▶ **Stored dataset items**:
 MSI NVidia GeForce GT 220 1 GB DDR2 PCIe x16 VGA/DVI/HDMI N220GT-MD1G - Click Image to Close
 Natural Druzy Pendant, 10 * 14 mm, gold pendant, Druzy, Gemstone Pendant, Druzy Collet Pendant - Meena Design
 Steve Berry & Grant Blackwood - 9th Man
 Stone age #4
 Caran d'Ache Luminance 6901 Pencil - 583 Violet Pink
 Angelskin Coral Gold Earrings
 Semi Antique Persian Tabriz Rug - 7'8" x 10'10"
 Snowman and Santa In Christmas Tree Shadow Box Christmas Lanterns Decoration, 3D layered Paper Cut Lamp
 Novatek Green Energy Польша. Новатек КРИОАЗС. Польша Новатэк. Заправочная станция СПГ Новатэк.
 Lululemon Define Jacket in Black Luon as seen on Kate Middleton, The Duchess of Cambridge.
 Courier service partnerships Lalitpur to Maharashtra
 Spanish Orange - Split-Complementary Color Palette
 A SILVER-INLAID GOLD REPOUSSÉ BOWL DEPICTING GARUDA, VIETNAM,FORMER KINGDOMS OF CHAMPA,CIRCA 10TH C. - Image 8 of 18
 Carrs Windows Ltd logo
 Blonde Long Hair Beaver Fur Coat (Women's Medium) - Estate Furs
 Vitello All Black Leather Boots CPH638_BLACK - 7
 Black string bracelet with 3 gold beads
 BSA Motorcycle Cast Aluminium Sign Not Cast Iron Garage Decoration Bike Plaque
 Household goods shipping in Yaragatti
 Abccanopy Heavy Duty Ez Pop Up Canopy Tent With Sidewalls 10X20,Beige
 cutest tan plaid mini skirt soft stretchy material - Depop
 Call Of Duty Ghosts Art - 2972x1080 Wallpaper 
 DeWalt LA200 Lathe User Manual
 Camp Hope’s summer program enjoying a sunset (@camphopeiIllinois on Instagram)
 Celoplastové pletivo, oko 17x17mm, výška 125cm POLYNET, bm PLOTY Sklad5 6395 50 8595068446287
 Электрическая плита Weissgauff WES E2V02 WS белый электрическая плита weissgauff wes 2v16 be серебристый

▶ **EXERCISE DIRECTIONS**: Return the lines beginning at the one that contains "Spanish Orange - Split-Complementary" and continuing through the last line of the data, exactly as they stand and without any others.

▶ **SOLUTION FOR THIS EXERCISE**:
 Spanish Orange - Split-Complementary Color Palette
 A SILVER-INLAID GOLD REPOUSSÉ BOWL DEPICTING GARUDA, VIETNAM,FORMER KINGDOMS OF CHAMPA,CIRCA 10TH C. - Image 8 of 18
 Carrs Windows Ltd logo
 Blonde Long Hair Beaver Fur Coat (Women's Medium) - Estate Furs
 Vitello All Black Leather Boots CPH638_BLACK - 7
 Black string bracelet with 3 gold beads
 BSA Motorcycle Cast Aluminium Sign Not Cast Iron Garage Decoration Bike Plaque
 Household goods shipping in Yaragatti
 Abccanopy Heavy Duty Ez Pop Up Canopy Tent With Sidewalls 10X20,Beige
 cutest tan plaid mini skirt soft stretchy material - Depop
 Call Of Duty Ghosts Art - 2972x1080 Wallpaper 
 DeWalt LA200 Lathe User Manual
 Camp Hope’s summer program enjoying a sunset (@camphopeiIllinois on Instagram)
 Celoplastové pletivo, oko 17x17mm, výška 125cm POLYNET, bm PLOTY Sklad5 6395 50 8595068446287
 Электрическая плита Weissgauff WES E2V02 WS белый электрическая плита weissgauff wes 2v16 be серебристый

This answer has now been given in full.